Integrated Water Plan for Puerto Rico, December 2006

"Plan Integral de Agua" December, 2006.

Water is a natural resource important for life, growth and development of cities and towns. It's "Not just the most basic of necessities it's also the basis of sustainable development." The spatial and temporal distributions varies in such a way that its in abudnant in some regions and times while is is vary limited in others. While it is considers a renewable resource it is no less correct that improper management can lead to a reduced quantity and quality of available water. It's also the case that contamination can also render the resource unusable. For these reasons the availability, quality, and management of water resources represents a grand challenge for Puerto Rico and most of the world. El agua es un recurso natural de vital importancia para la vida, crecimiento y desarrollo de los pueblos. Es “[n]o sólo la más básica de las necesidades, sino también el núcleo del desarrollo sostenible”1. Su distribución espacial y temporal varía de forma que, mientras es abundante en unas regiones o épocas, en otras es muy limitado.
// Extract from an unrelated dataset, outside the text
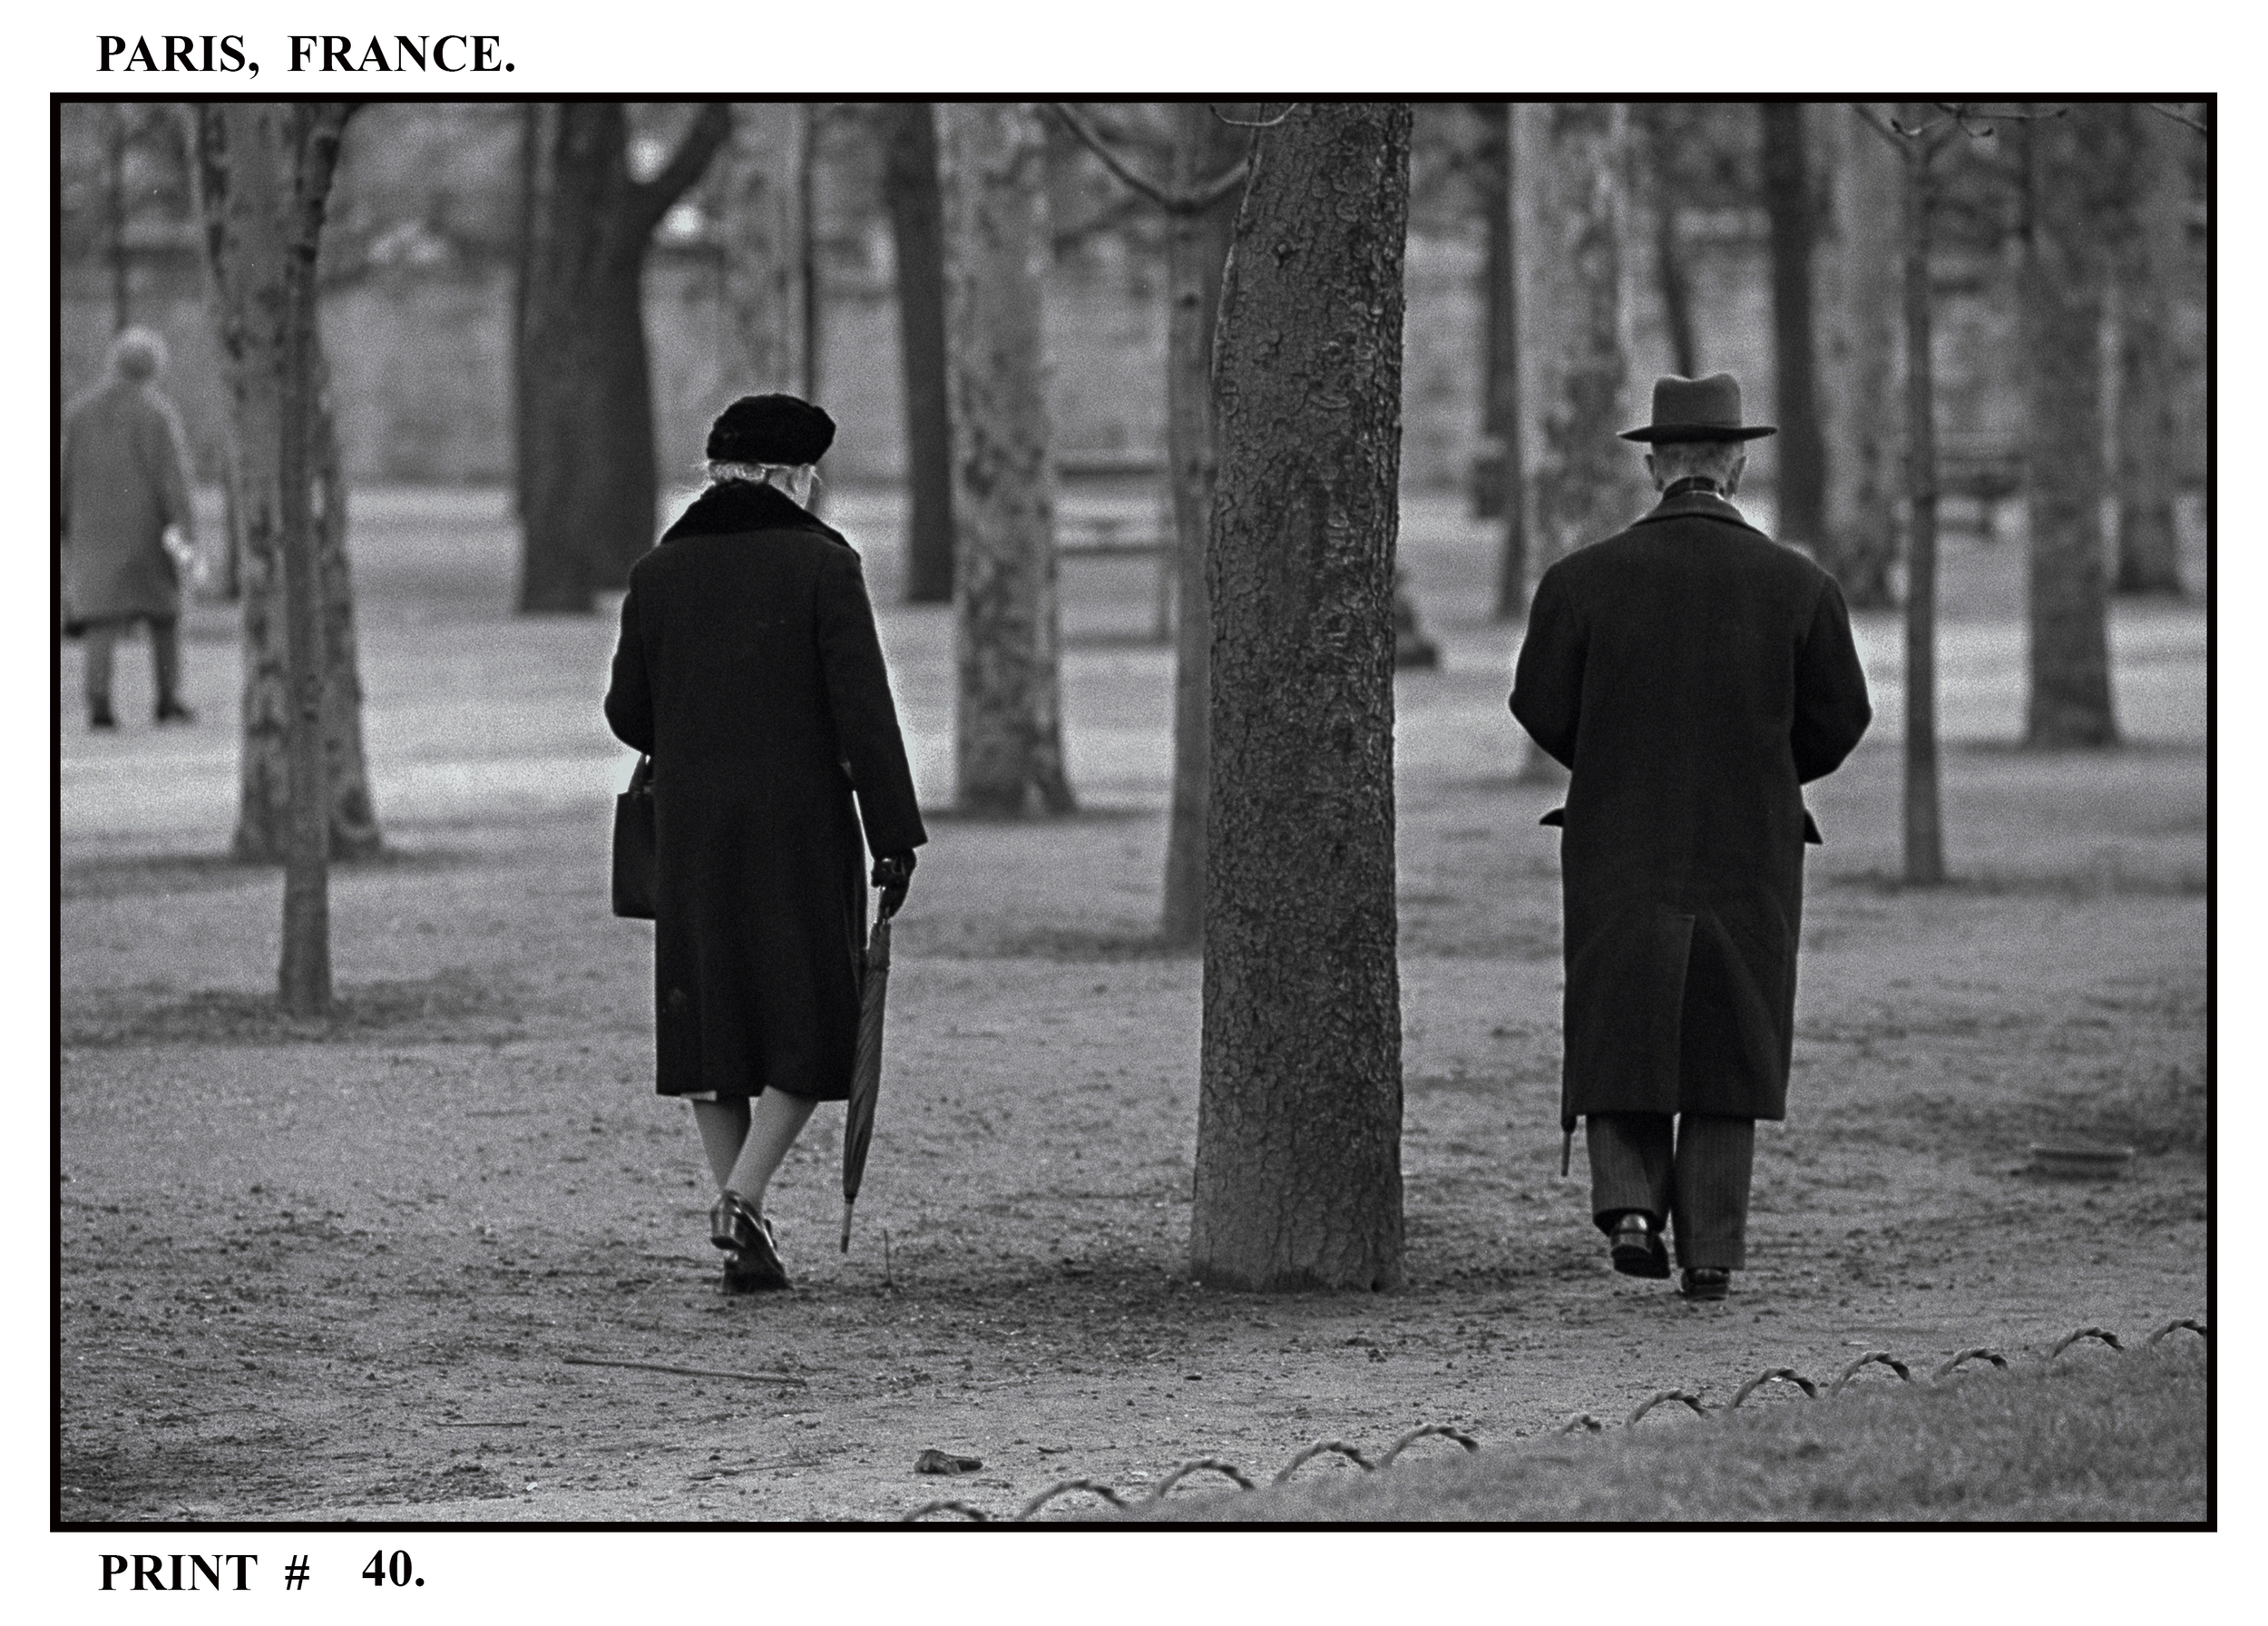 040PARIS, FRANCE copy.jpg

A pesar de que se considera un recurso renovable no es menos cierto que su manejo inapropiado, puede tener el efecto de reducir la cantidad disponible y utilizable del recurso. De igual forma, la contaminación irreversible del recurso puede convertirlo en uno agotable. Es por ello que la disponibilidad, calidad y manejo adecuado del recurso representa un gran desafío para Puerto Rico y la mayor parte del mundo.